- COLLECTED DATA:
┌────────

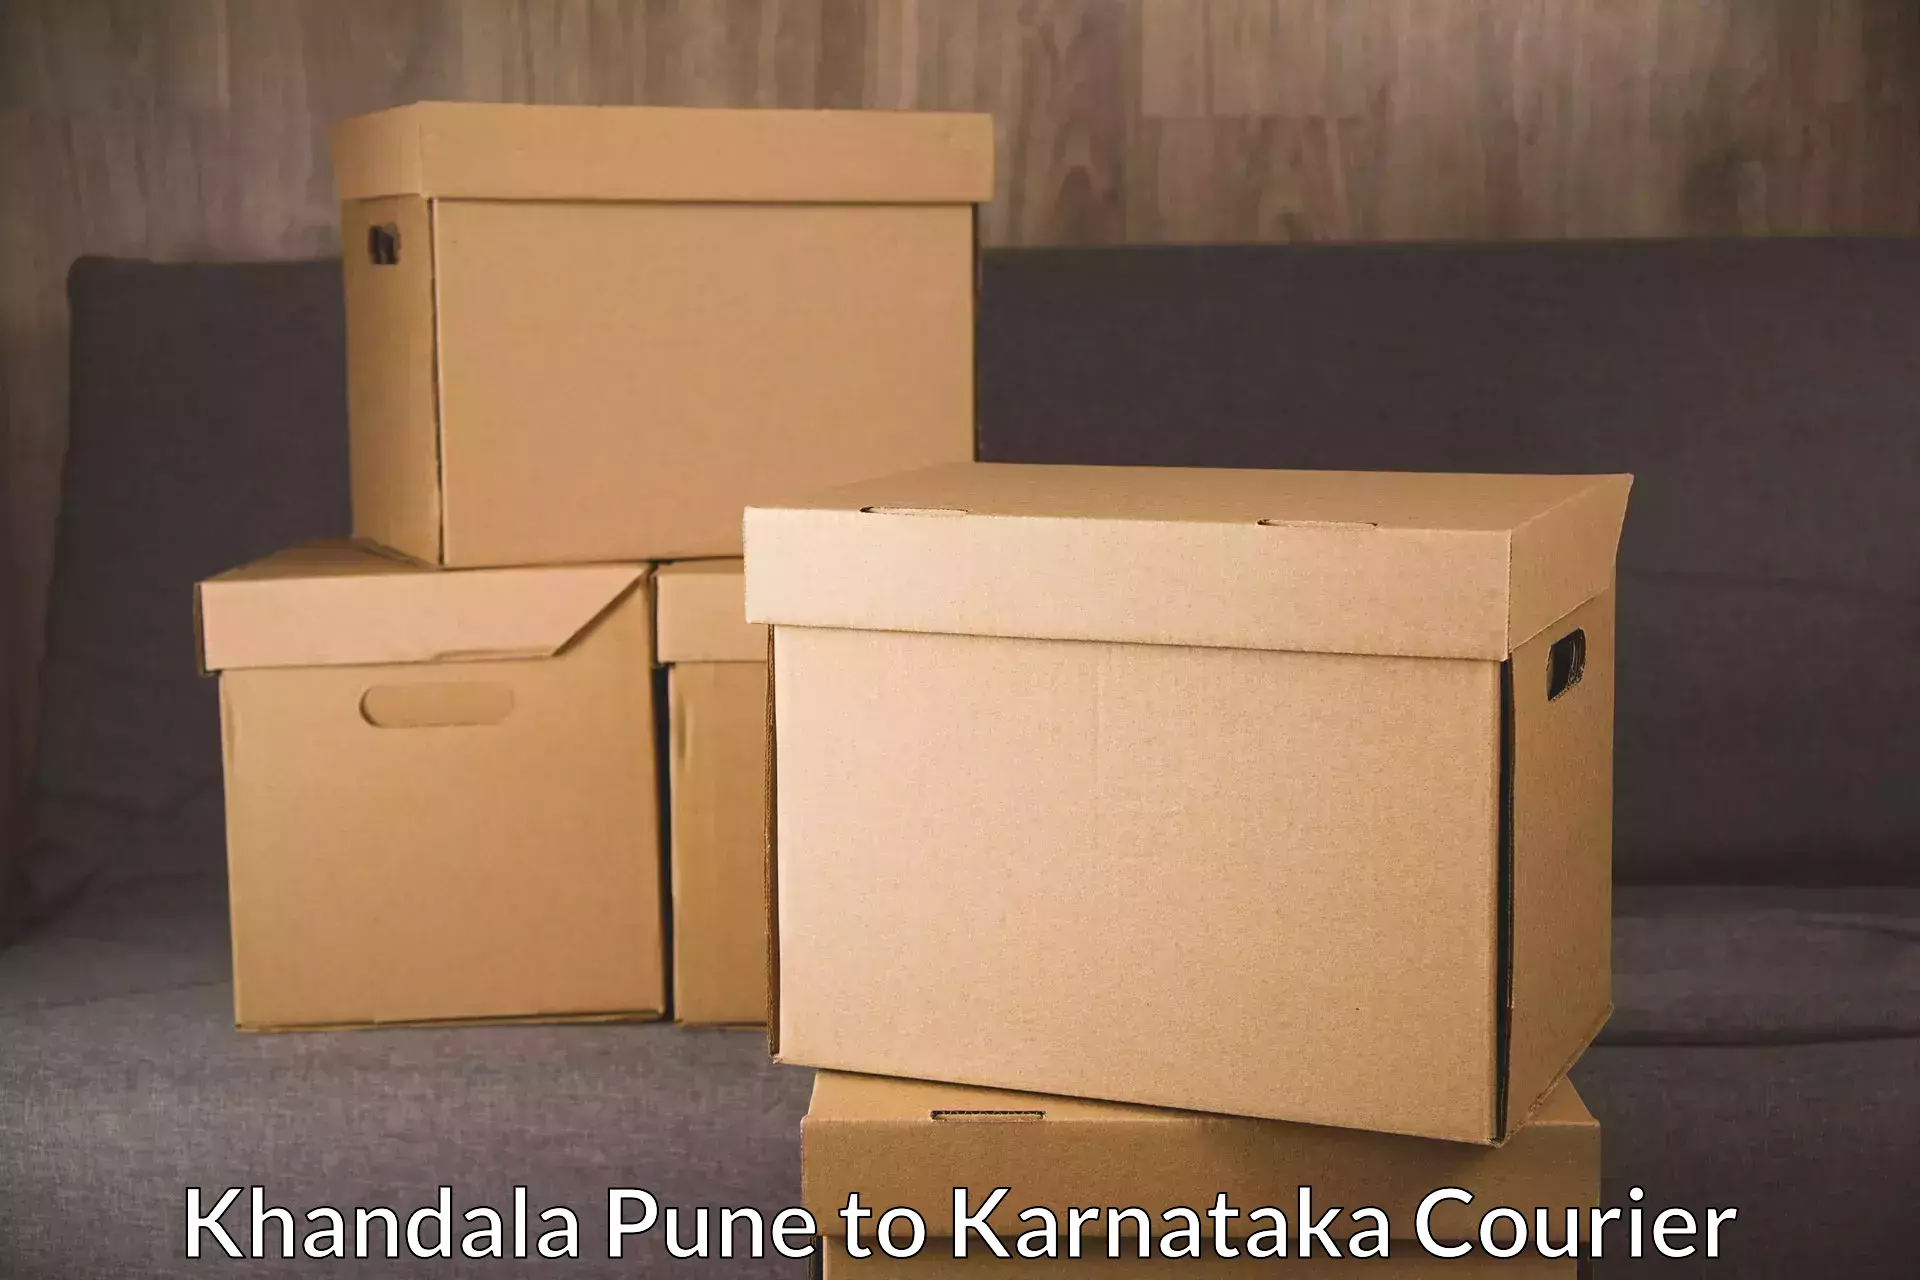 Flexible delivery schedules Khandala Pune to Yadgiri
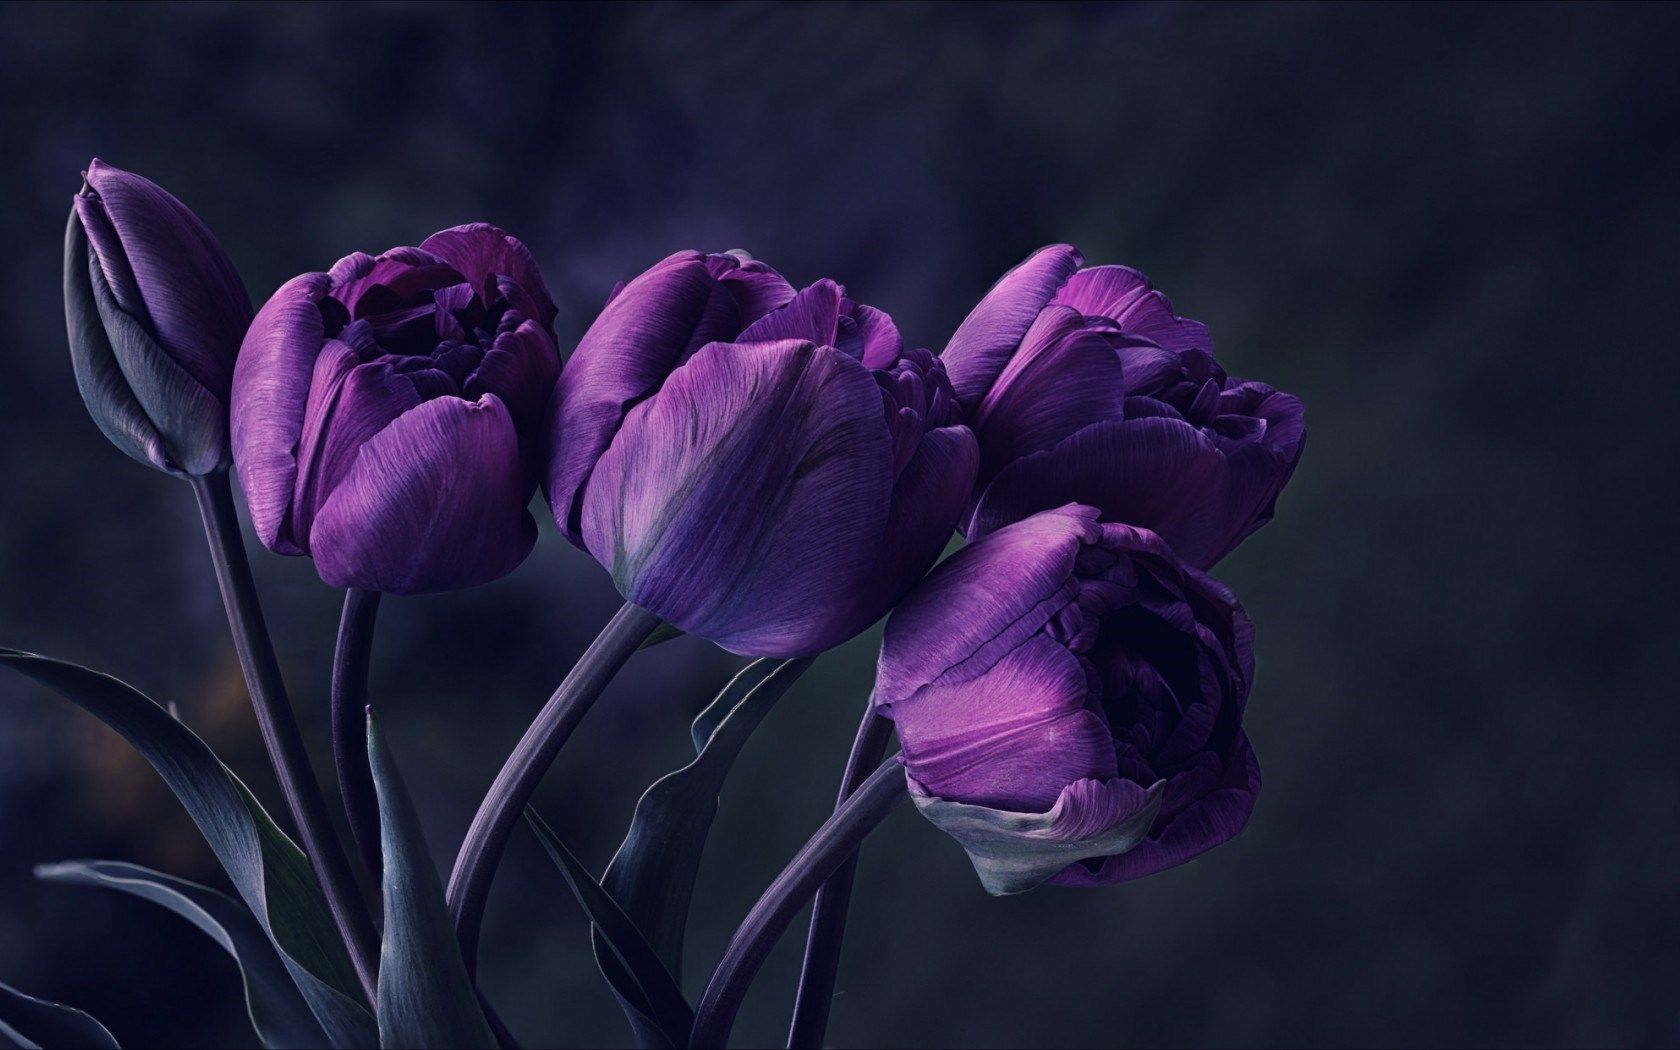 Free download night dark tulips purple petals photo beautiful
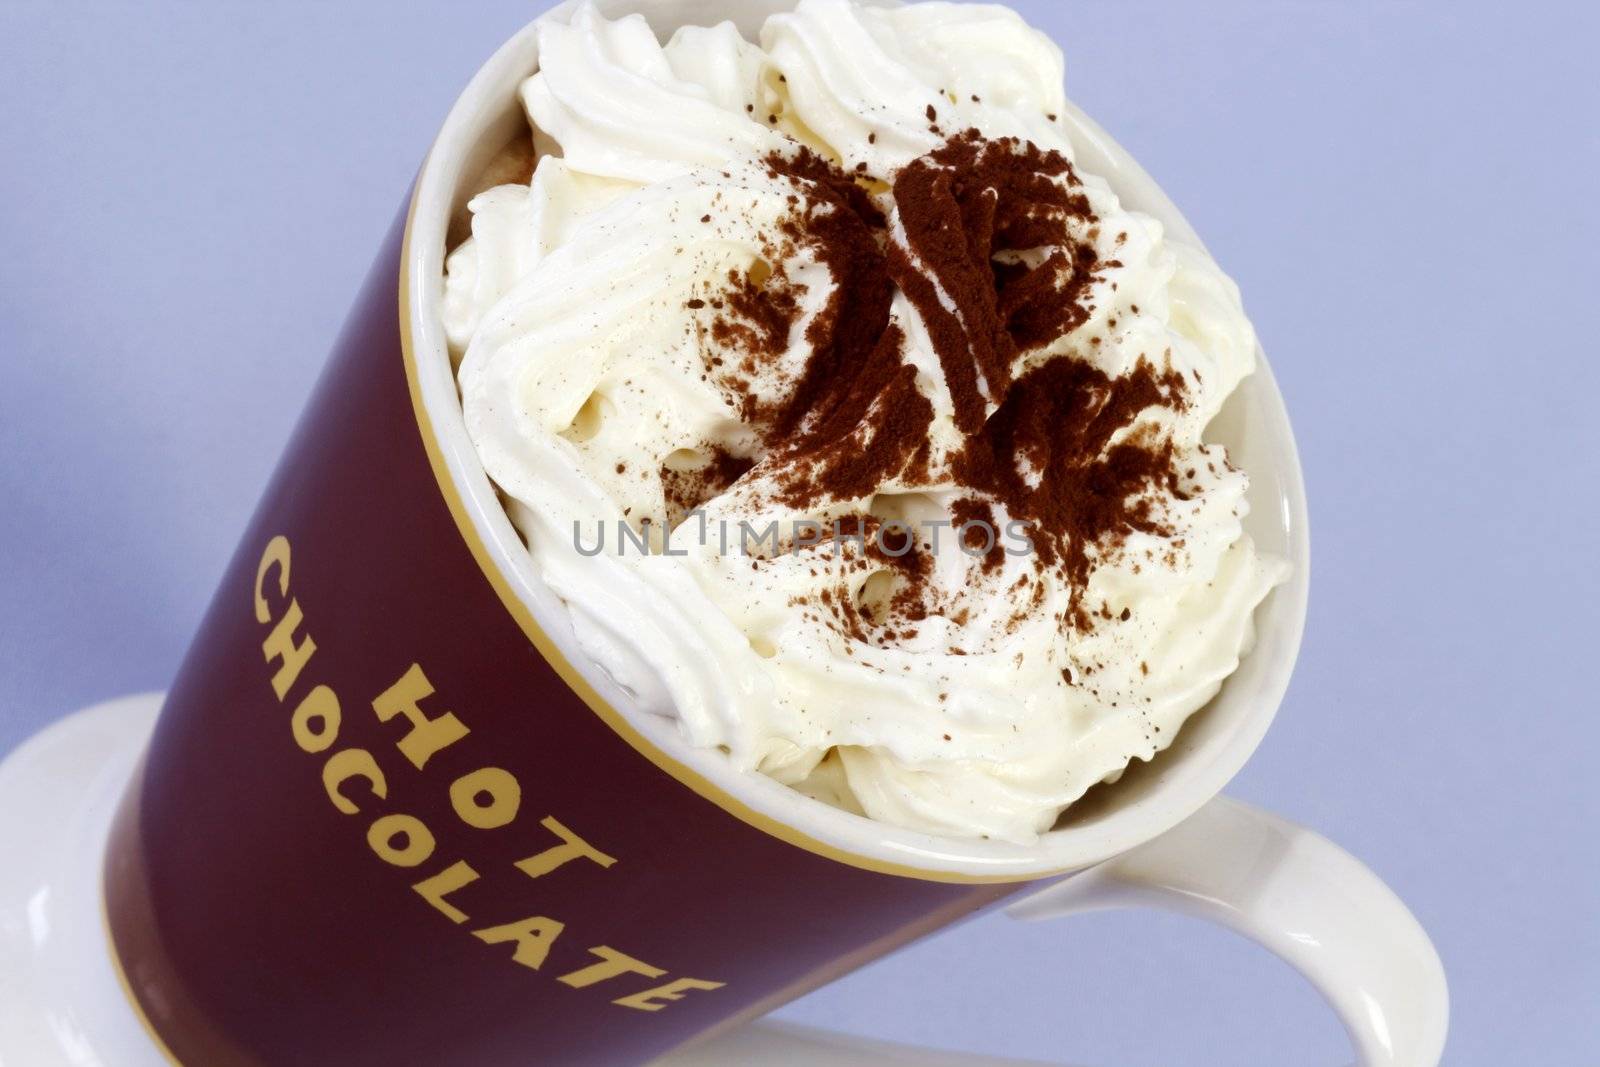 Hot Chocolate by Teamarbeit
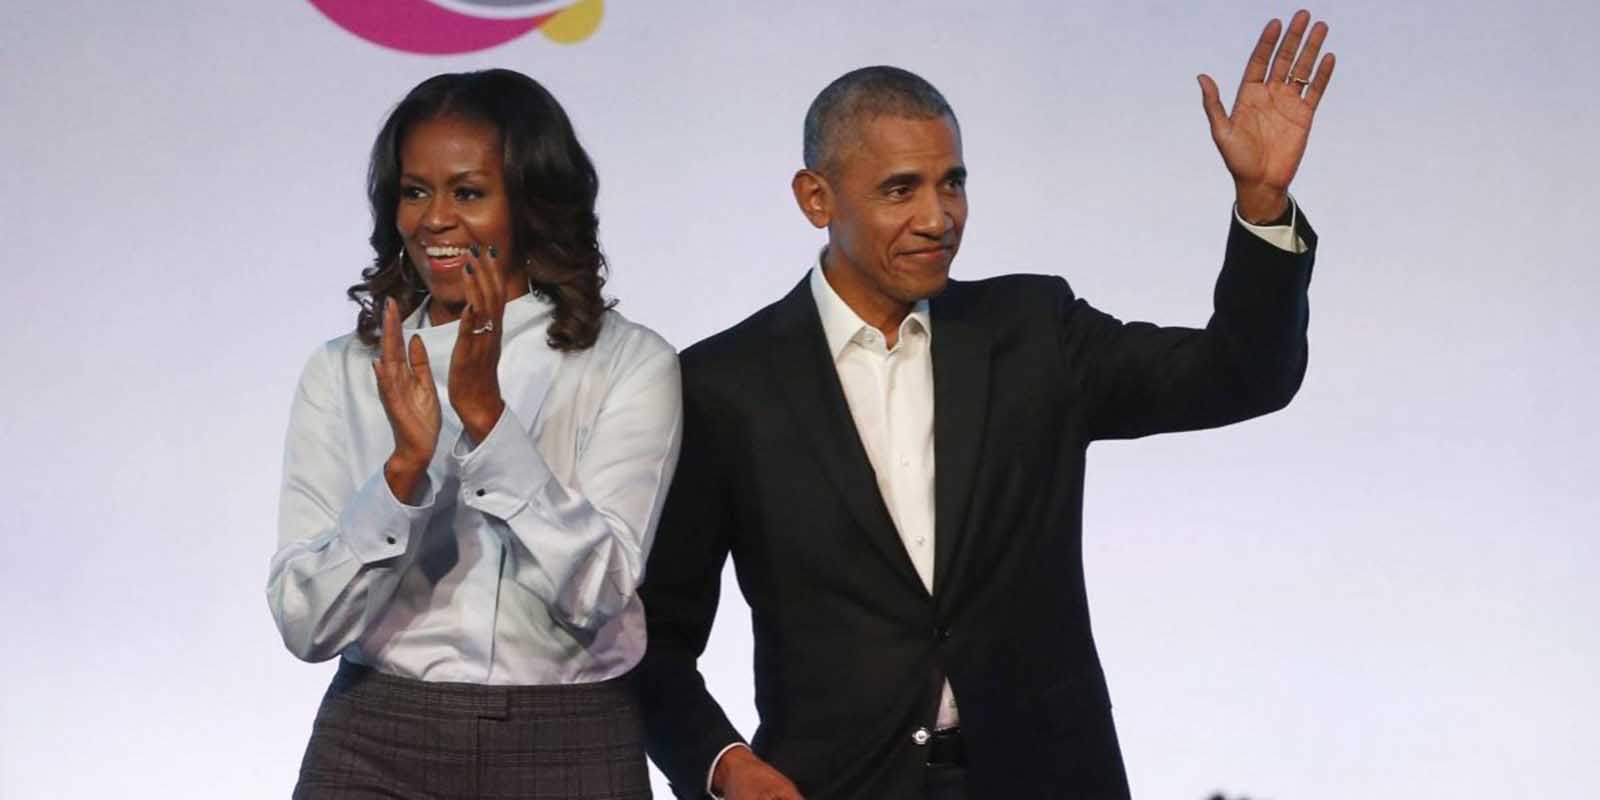 Barack y Michelle Obama negocian producir programas para Netflix, según NYT

└────────

- TASK TO COMPLETE:
Transcribe every line of the data exactly. No pictures go in the copy.

- FINAL ANSWER:
 Flexible delivery schedules Khandala Pune to Yadgiri
 Free download night dark tulips purple petals photo beautiful
 Hot Chocolate by Teamarbeit
 Barack y Michelle Obama negocian producir programas para Netflix, según NYT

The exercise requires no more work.